Homi Bhabha National Institute, Mumbai 400094, India; Electronics Division, Bhabha Atomic Research Centre, Mumbai 400085, India.
Nuclear Power Corporation of India Limited, Mumbai 400094, India.
ISA Trans. 2019 Sep;92:180-190. doi: 10.1016/j.isatra.2019.02.011. Epub 2019 Feb 28.

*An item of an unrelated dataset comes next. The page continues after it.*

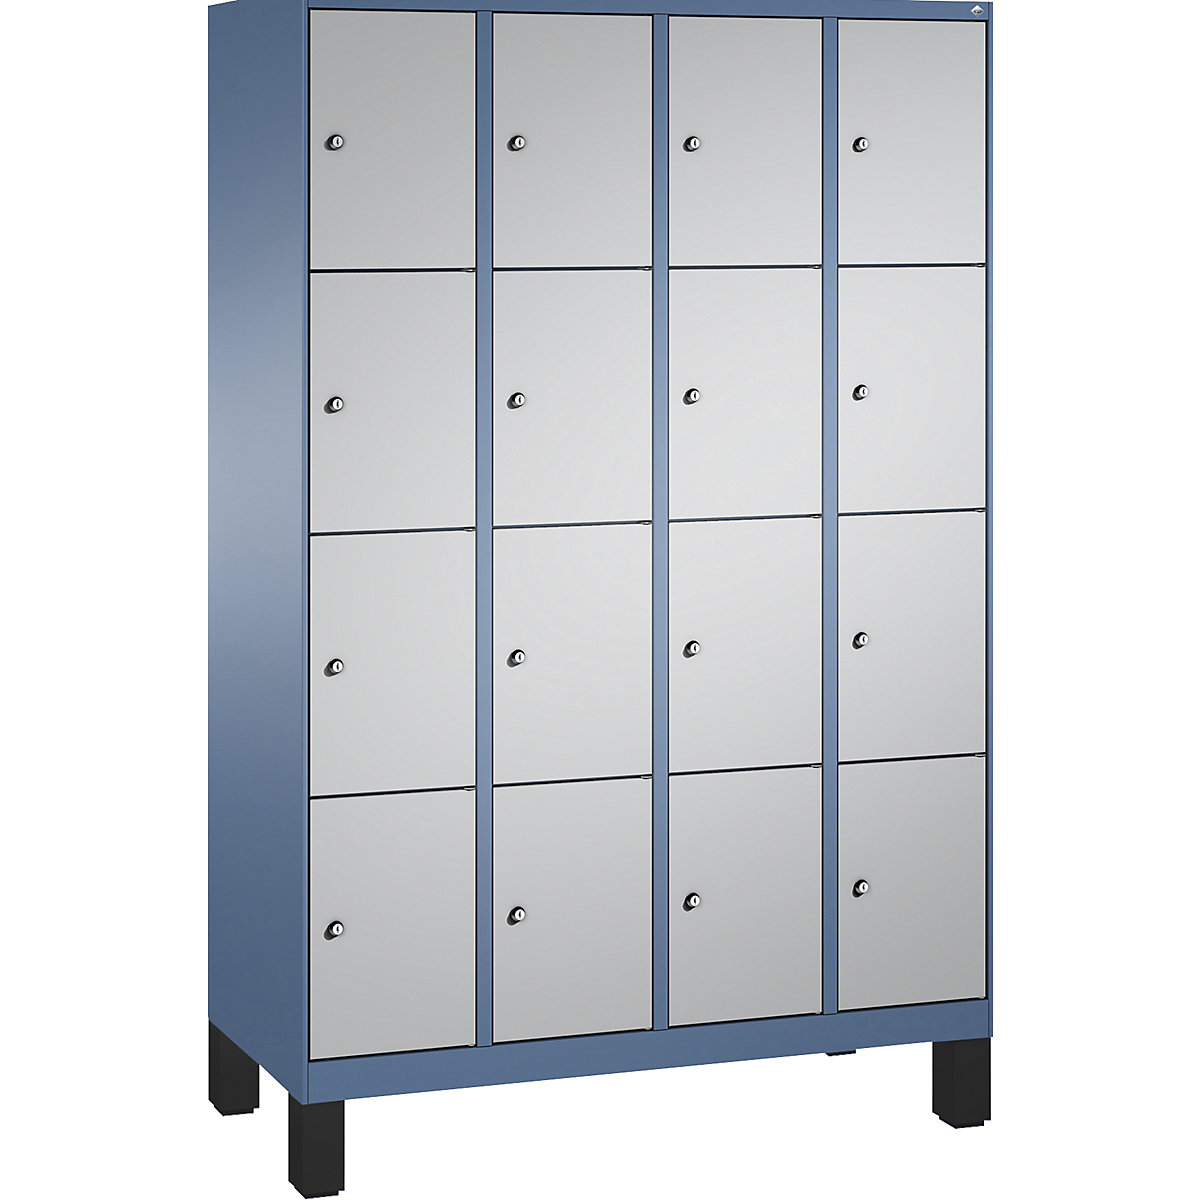 Armoire à casiers sur pieds EVOLO – C+P, 4 compartiments, 4 casiers chacun, largeur compartiments 300 mm, bleu distant / aluminium-13

Sensor real-time monitoring is an indispensable to achieve reliable plant operation along with stricter safety and environmental measures. This paper presents a statistical algorithm for sensors time-varying incipient fault detection and isolation. The proposed approach formulates the fault detection index and fault signature using the extended Kalman filter. Algorithm relaxes assumption on a monitored system stability and a priori knowledge of the fault profile. Further, fault decision statistics has been devised using Kullback-Leibler Divergence (KLD) and mixed with an Exponential Weighted Moving Average (EWMA) control chart. Pressurized water reactor nuclear power plant temperature and neutron flux sensors incipient fault detection and isolation have been demonstrated to illustrate the effectiveness of proposed methodology.
传感器实时监测对于实现可靠的工厂运行以及更严格的安全和环境措施是不可或缺的。本文提出了一种用于传感器时变初始故障检测和隔离的统计算法。所提出的方法使用扩展卡尔曼滤波器来构造故障检测指标和故障特征。该算法放宽了对被监测系统稳定性和故障轮廓先验知识的假设。此外,还使用 Kullback-Leibler 散度 (KLD) 设计了故障决策统计量,并将其与指数加权移动平均 (EWMA) 控制图混合。已经演示了压水堆核动力厂温度和中子通量传感器的初始故障检测和隔离,以说明所提出方法的有效性。